▸ **The data**
···
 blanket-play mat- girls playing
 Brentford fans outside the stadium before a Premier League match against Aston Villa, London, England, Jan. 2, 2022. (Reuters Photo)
···
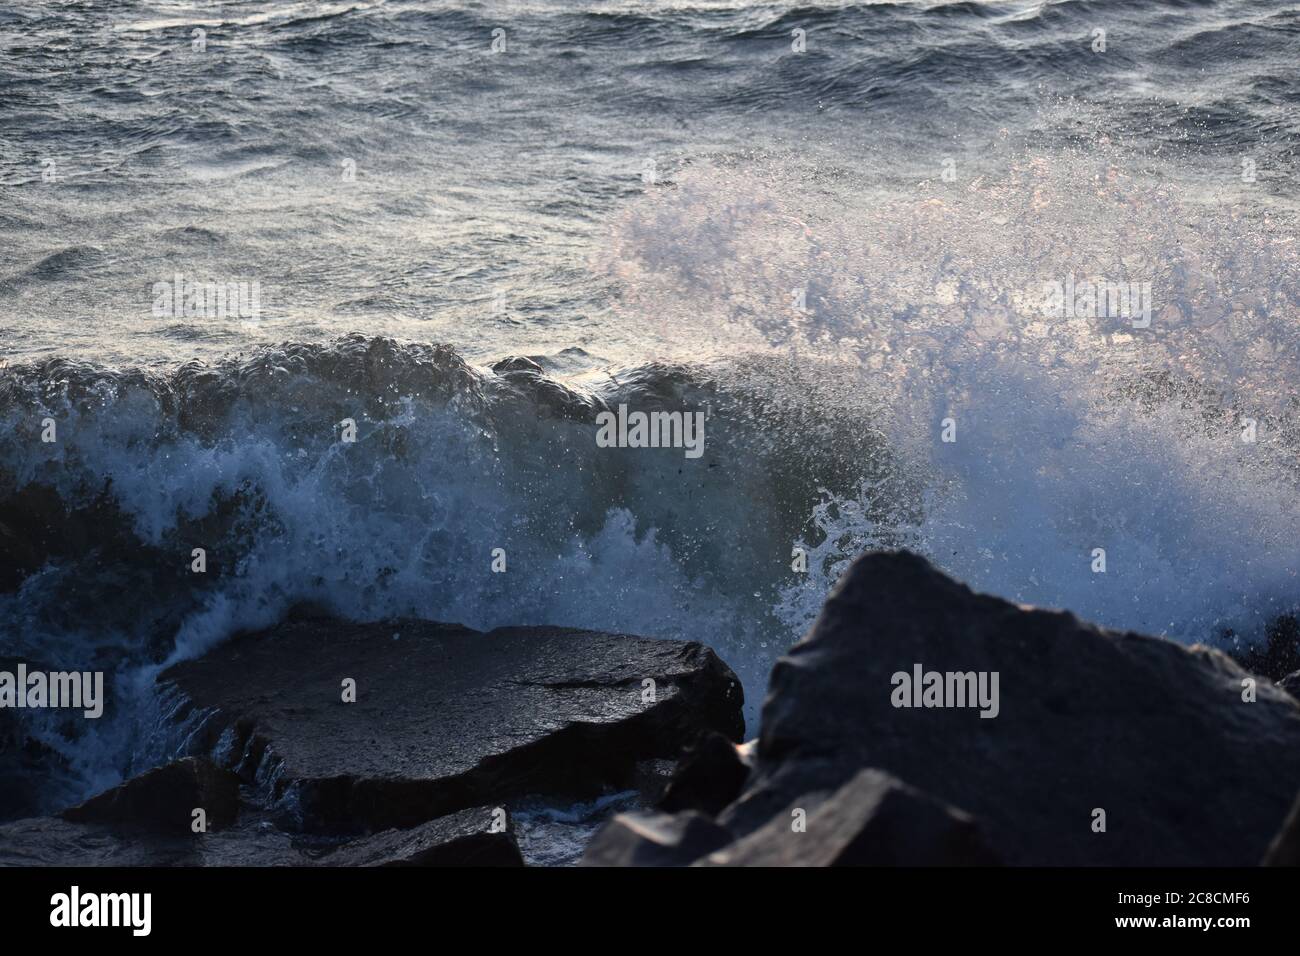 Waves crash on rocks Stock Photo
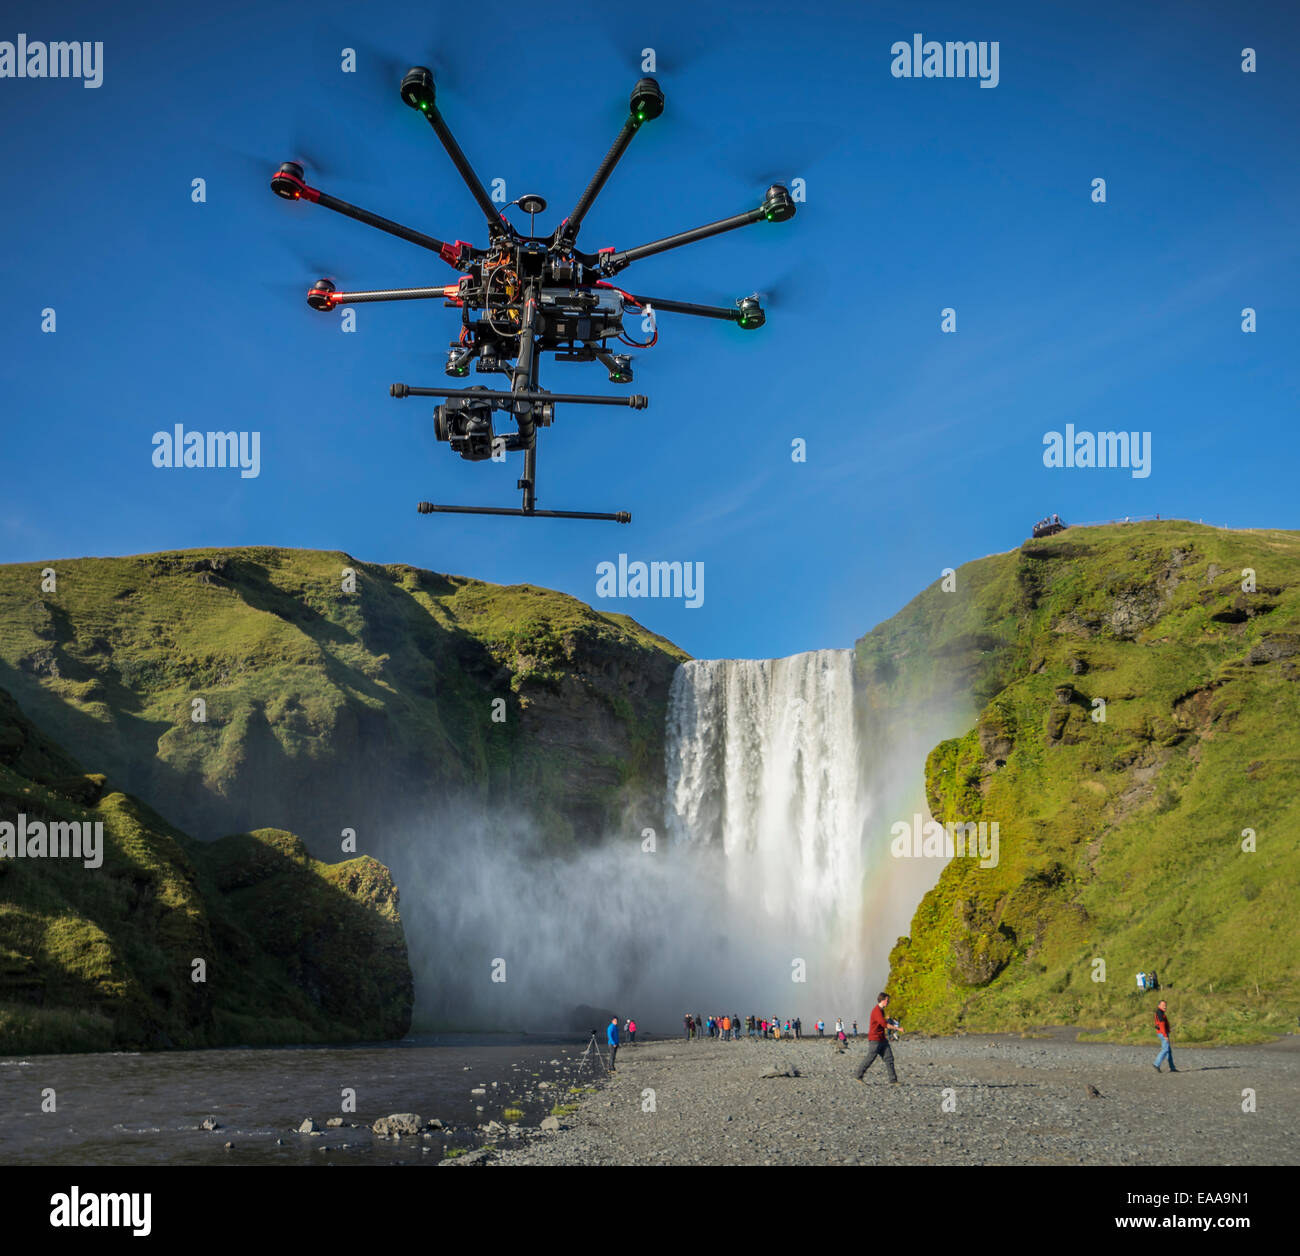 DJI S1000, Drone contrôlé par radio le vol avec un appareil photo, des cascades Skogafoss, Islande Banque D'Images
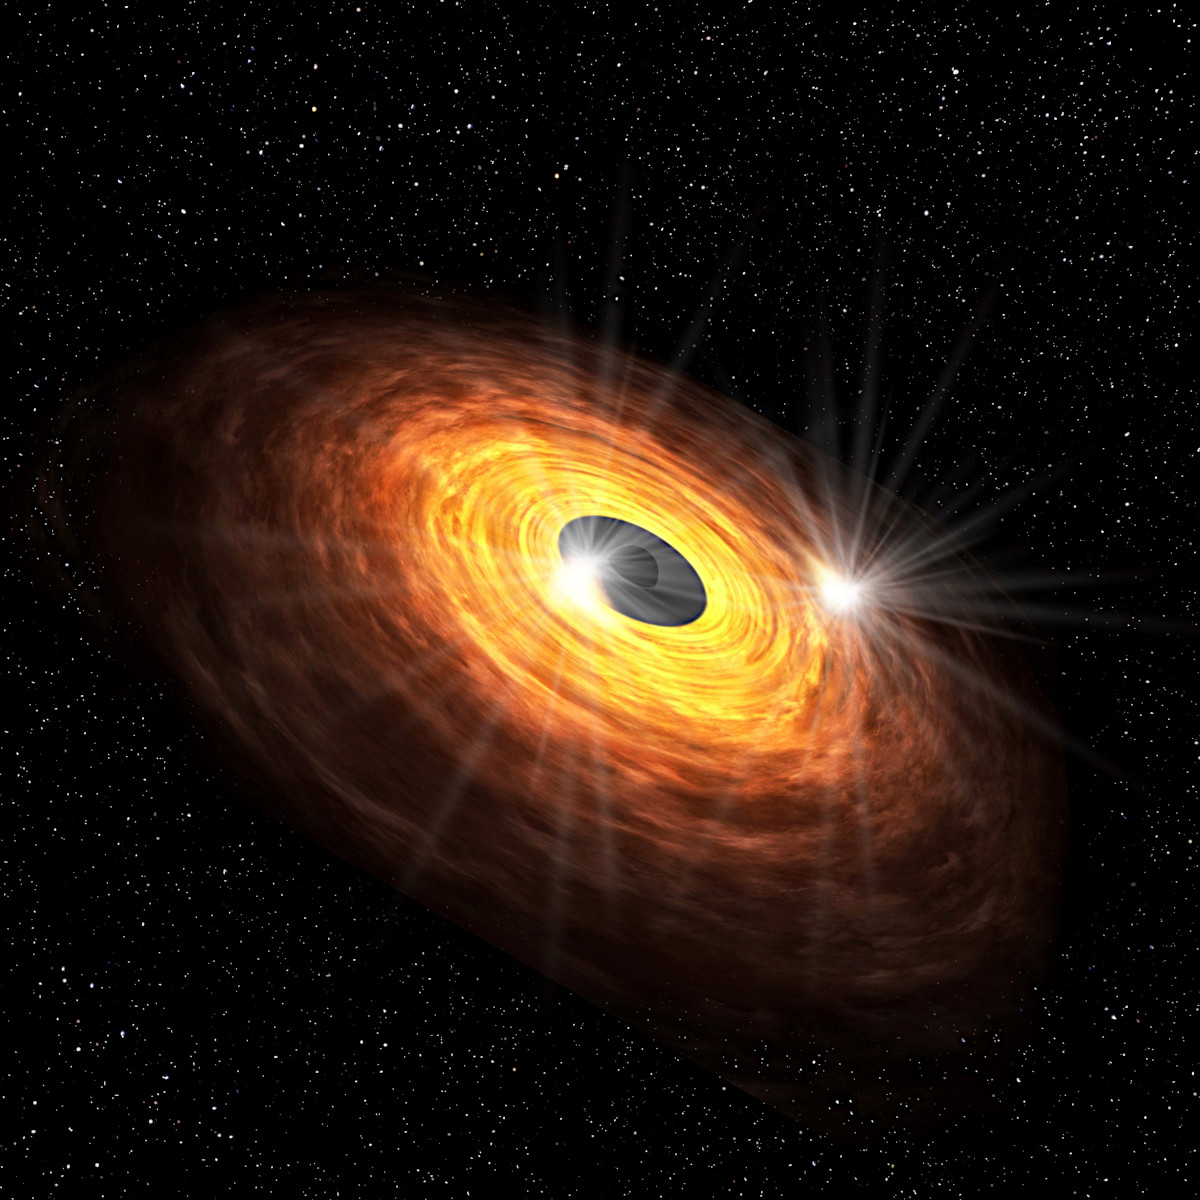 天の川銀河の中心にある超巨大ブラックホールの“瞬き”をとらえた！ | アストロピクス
···
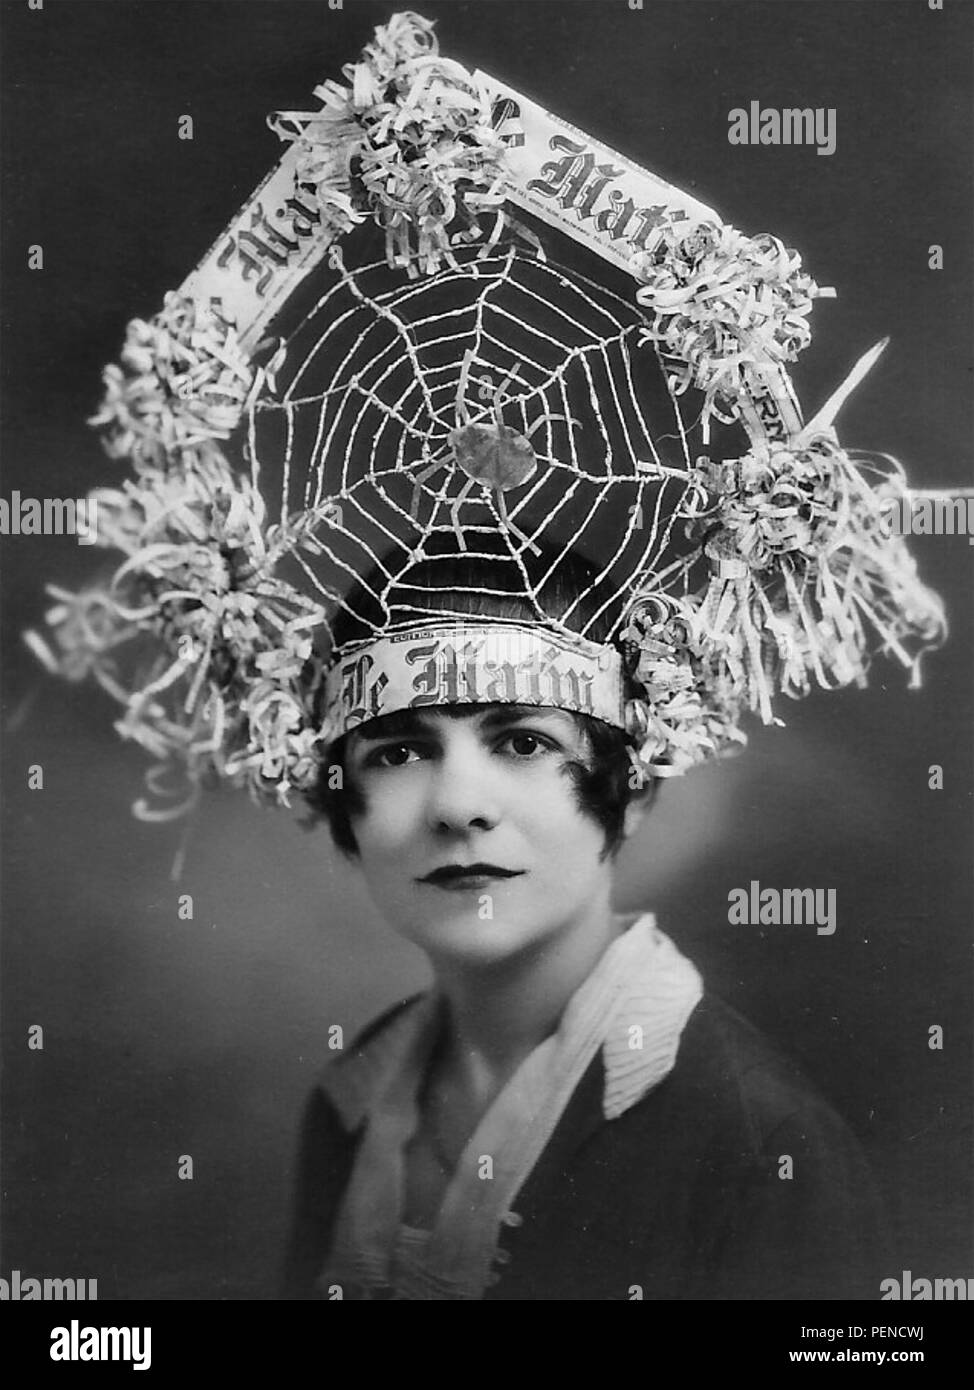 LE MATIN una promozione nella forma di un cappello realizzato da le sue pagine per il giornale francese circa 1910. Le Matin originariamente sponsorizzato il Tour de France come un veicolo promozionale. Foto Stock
···
▸ **What is expected**
Go to the line with "blanket-play mat- girls playing" in the entries above and repeat every line from there through the line with "Brentford fans outside", exactly and with no other text.

▸ **Exercise response**
 blanket-play mat- girls playing
 Brentford fans outside the stadium before a Premier League match against Aston Villa, London, England, Jan. 2, 2022. (Reuters Photo)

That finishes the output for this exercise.